In summary, the literature survey covers various approaches for depression detection, sentiment analysis, and opinion monitoring using social media data. These studies explore different techniques, including deep learning, sentiment classification models, LSTM-RNN, attention mechanisms, and machine learning algorithms, to analyze textual data and identify indicators of depression or sentiment patterns related to specific events like COVID-19. Overall, these research works contribute to understanding public sentiment and mental health monitoring through social media analysis.
The uniqueness of this research lies in its emphasis on utilizing current public opinion data rather than relying on outdated repositories. By monitoring the thoughts and sentiments expressed by the public, authorities can gain valuable insights for making well-informed decisions and improving their services. To collect the necessary data, we utilized tweets from the Twitter API, leveraging developer account keys. Our approach involved a hybrid model that combines BERT and CNN models, which we compared against transformer models like Albert and DistilBERT.

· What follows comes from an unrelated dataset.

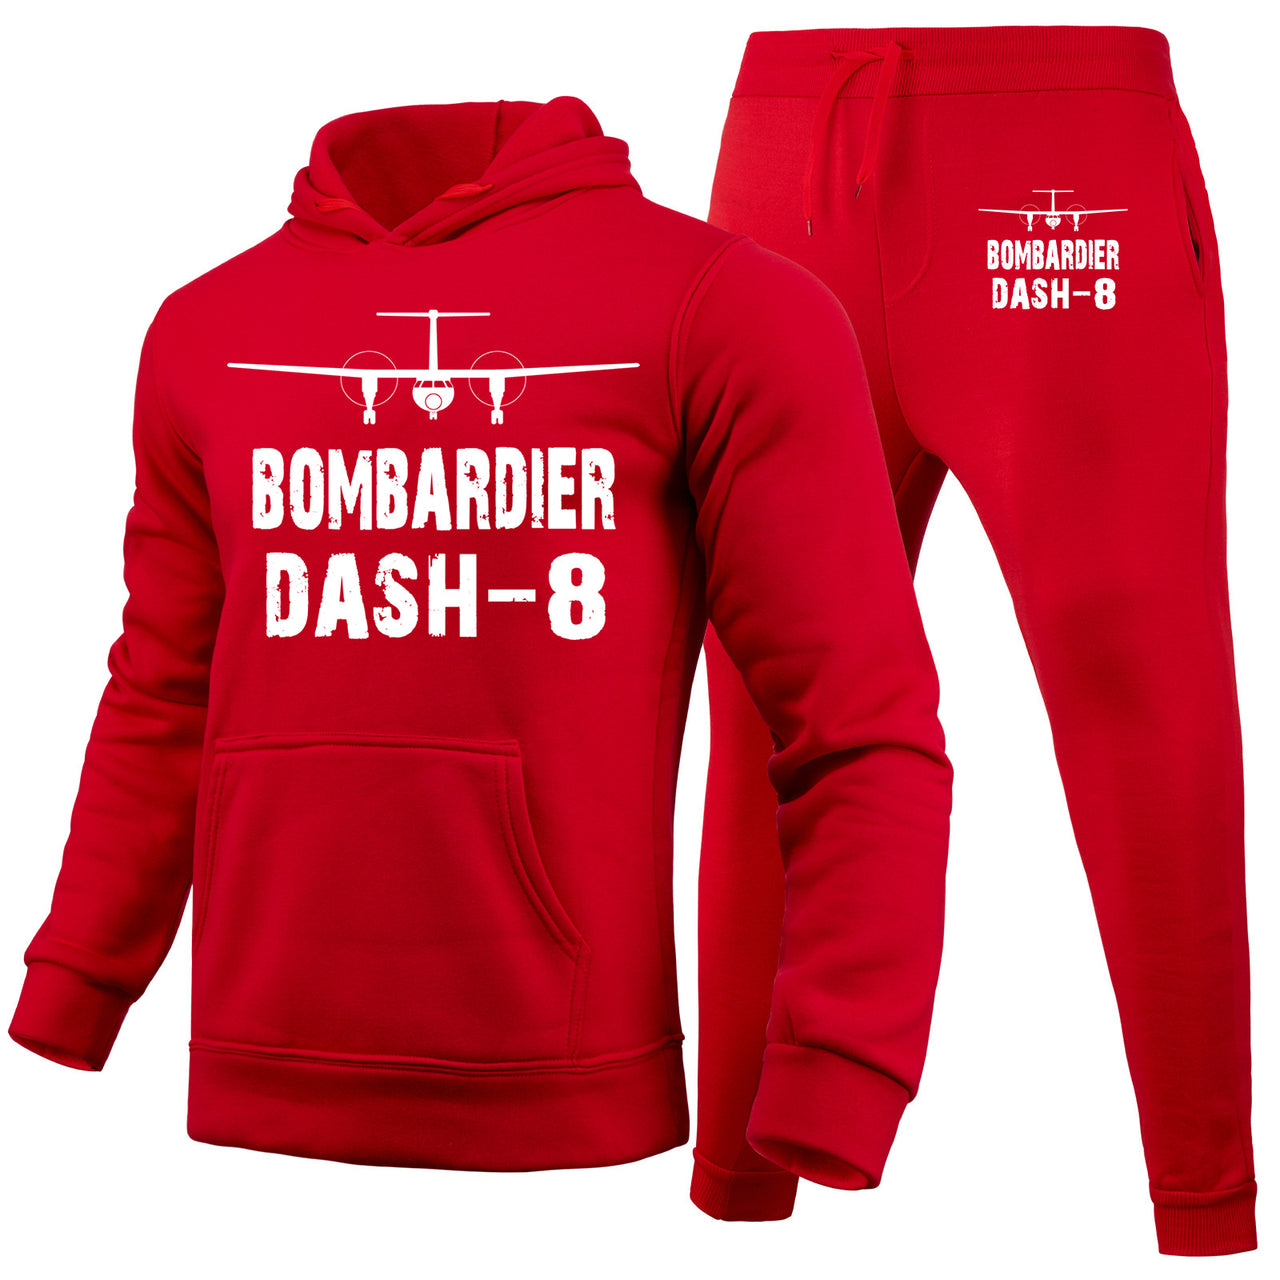 Bombardier Dash-8 & Plane Designed Hoodies & Sweatpants Set

The proposed frame work of this study shown in Fig.1, presents a pioneering approach in which we acquire the dataset by gathering tweets from the Twitter API, utilizing developer account keys. The primary objective is to detect signs of depression within these tweets, for which we employ the VADER algorithm. This algorithm classifies the tweets into positive, negative, or neutral categories based on their polarity scores, allowing us to identify potentially depressive content.

Fig.1. Proposed Framework
To construct models, we propose a novel hybrid approach that combines BERT-CNN. This hybrid model harnesses the strengths of both BERT (Bidirectional Encoder Representations from Transformers) and CNN (Convolutional Neural Network) architectures. We compare the performance of our hybrid model with other transformer models such as Albert and DistilBERT, commonly used in natural language processing tasks.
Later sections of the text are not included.